Rinse tundra special
Welcome in. A new journey and a new guise: meet me, Filthy Bastard, in my mid-phase, Soaking Wet Princes. A musician that doesn't make any music but writes books, or an author who doesn't write and just makes music. Here's the diary of my debut single/novella/concept - FB's and Professor Tiny Cat's journey East, to Polska, to Never-Never Land.
Getting close now. All my pressure has been tucked away in the box, all my grievances stored and stashed. Just one mantra. Untruths are better when they're told. Gloss on the cavernous losses. The stifled air is bursting - leady grey cauliflowers. Closer closer closer. Suddenly. We are in the zone. Ready for the Smash.
Waiting forever and getting my face saturated in really thick, bad pollen. Clouds not yet ready to drop their ash. I've got a lovely build-up burn going off around the area of the stomach. Again, a Scouse-bus fails to materialise. I'm staring at Tesco Express thinking if I should run over and use the cashpoint. But might be late at the airport if I do. Wait another few minutes, gazing straight at rows and rows of moving cars. The rain's really going to fuck up these new trainers and the shelter's massively inadequate. Where is this bus? The Professor will be waiting for me at John Lennon. Hate making him wait, hate waiting myself. He's texting me - what's the hold up? Text back. Gonna be very very late. Eventually jump in a taxi and hope for the best.
The Professor stands on the forecourt. Smoking. I shake his hand: finally there. He's got a grin on him through the acrid plume of Marlboro. I'm panting, bleary-eyed, pissed-off stubble face, cursing and shaking my fist. But it's OK. Still time. The Professor and I scythe through the terminal's Division One football stadia fascia and burrow a big deep one until pockets have been emptied, bottles bagged and metal checked. All clear. Really glad I made it, though. Those drizzle-specked moments had my weary heart pounding. In Boots, the Professor gets a Snickers and Wine Gums, I go for chicken triple, orange juice and pfefferminz.
Somewhere over central Europe: we spy a small aircraft, like a black airborne dog, radar slowly across cotton cumulus just below our vessel.

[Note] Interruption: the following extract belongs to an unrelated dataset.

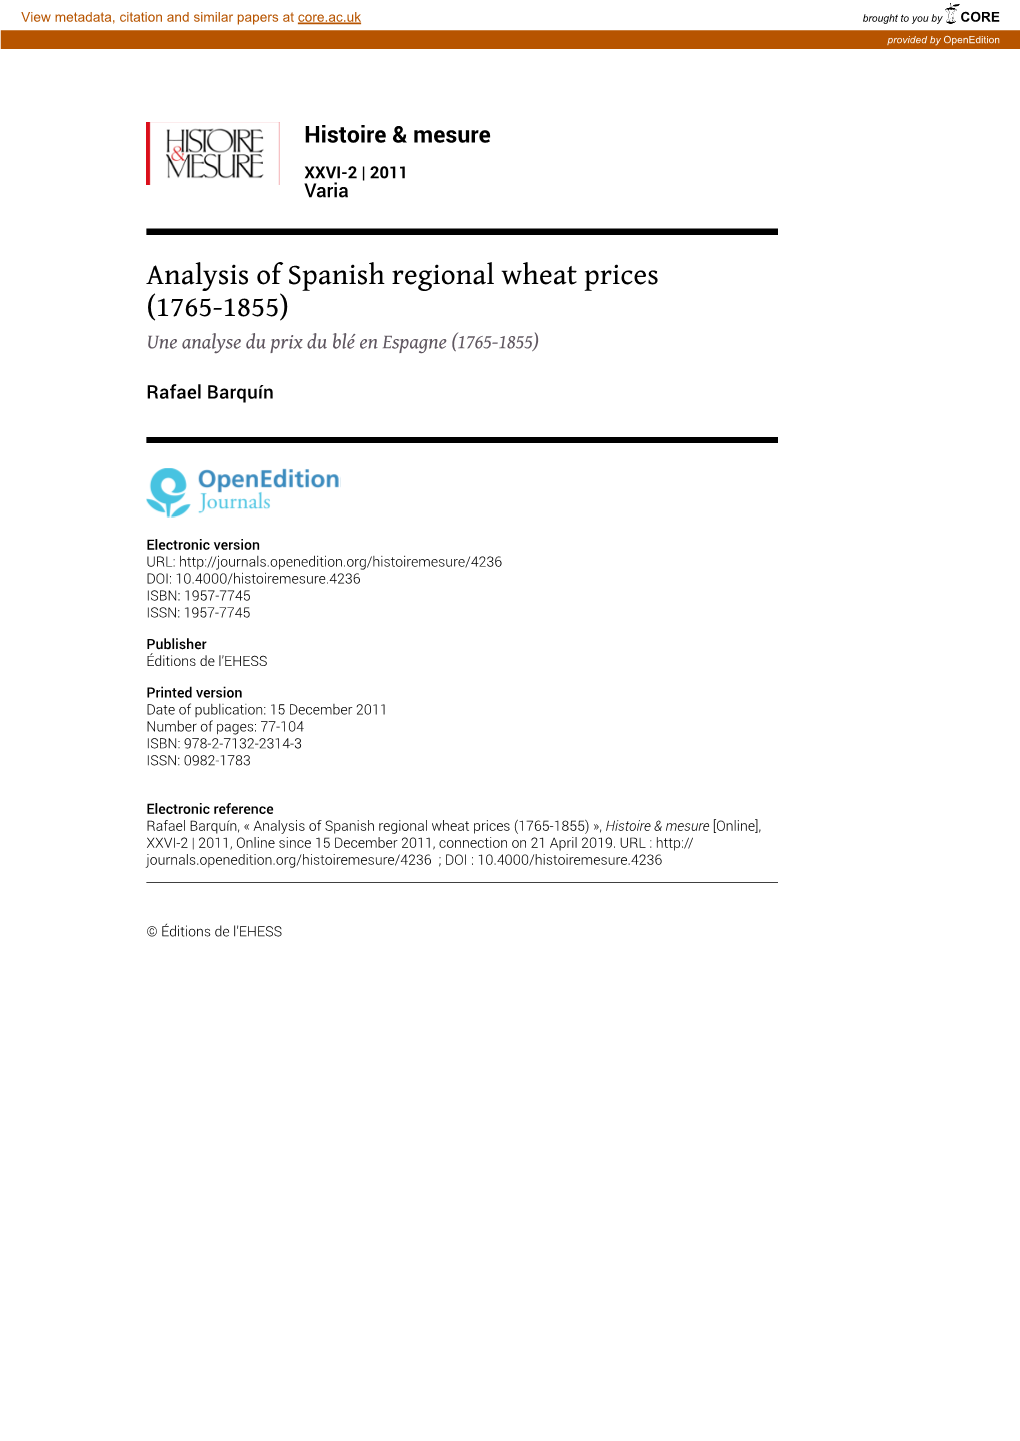 Analysis of Spanish Regional Wheat Prices \(1765-1855\)

And then we touch down to brand new sights and smells and sounds. It's funny how foreign countries always hit you in that way, sudden immaculate changes in small things: toilet freshener, deodorant, shampoo, chocolate, car seats. Apple sun barracking its way onto our backs. The human face of our apartments, Michael, stands with a grin ushering us into Europe. His smile tells us a great deal, yet I pick out just a single thing that remains. This is that we will be made very welcome here. We are kings who deserve the very best of what is on offer. Michael, scraggy shoulder-length hair, cranks up the large people-carrier (containing just me and the Professor), thundering down rural humid lanes. There's crazy shoe-box farms or houses distinctive by their bright red roofs. It's wonderful. Unfamiliar Eastern yellow road signs pave the way over the strikingly flat, Wimbledon green landscape. Michael lunges into a breathless spiel about the local customs, drinking and heritage. Mentions something about Kitsch, something about a great club called Shadow. The Professor swooshes a glance at me and it's hard not to break out into a giggle with our friendly chauffeur wittering on in his quaint Americanised English.

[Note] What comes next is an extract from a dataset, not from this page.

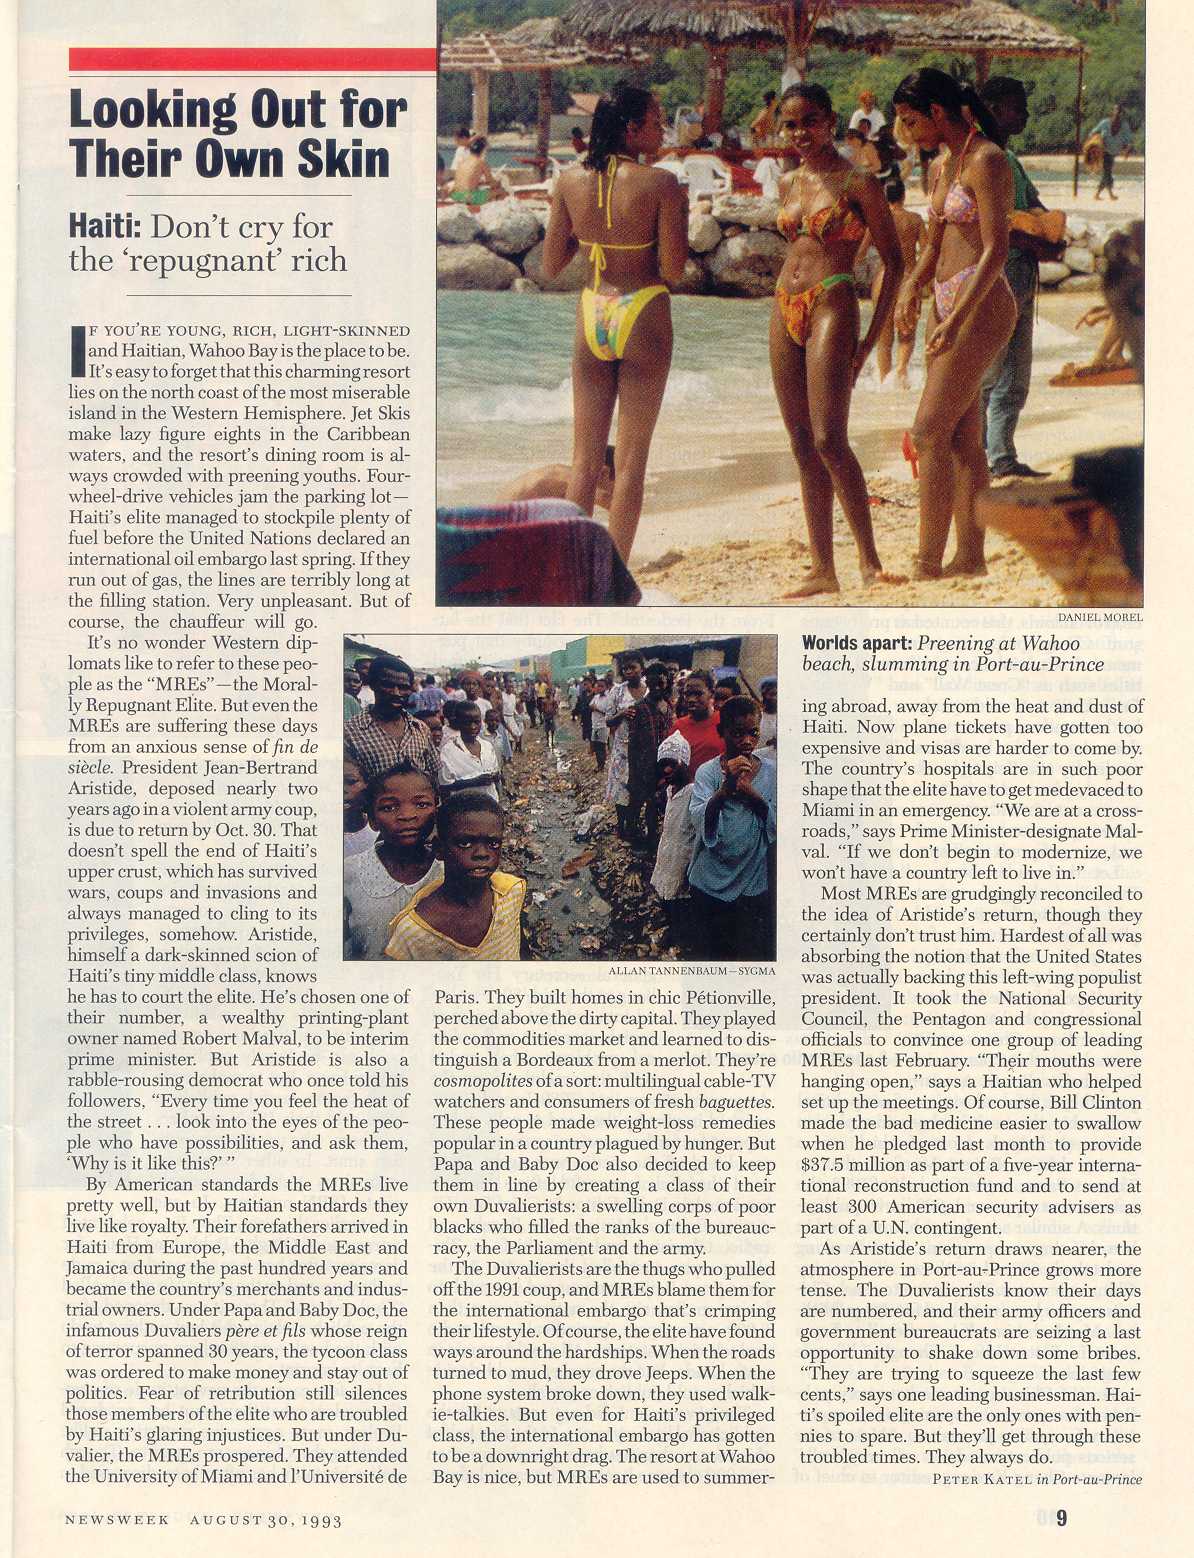 Peter Katel in Port Au Prince, Haiti – NEWSWEEK Magazine (1993)

Scared. Having left these endless comical dwellings which nestle and crowd among a massive countryperfect expanse, Mike begins to decrease the speed. Decreasing it in what appears to be the slum-side of an ever-enveloping city. Diamond seethrough fences. Grubby basketball courts. The odd smashed window. Scruffy garish graffiti spells out 'WISLA WISLA WISLA'. Yet it feels good, this peek at the underbelly, we are teasing the unknown, touching at a hieroglyphic force field. The air still clings on us. Sticky time. Luckily for us, the Sodispar apartments unerringly mock the less plush surroundings.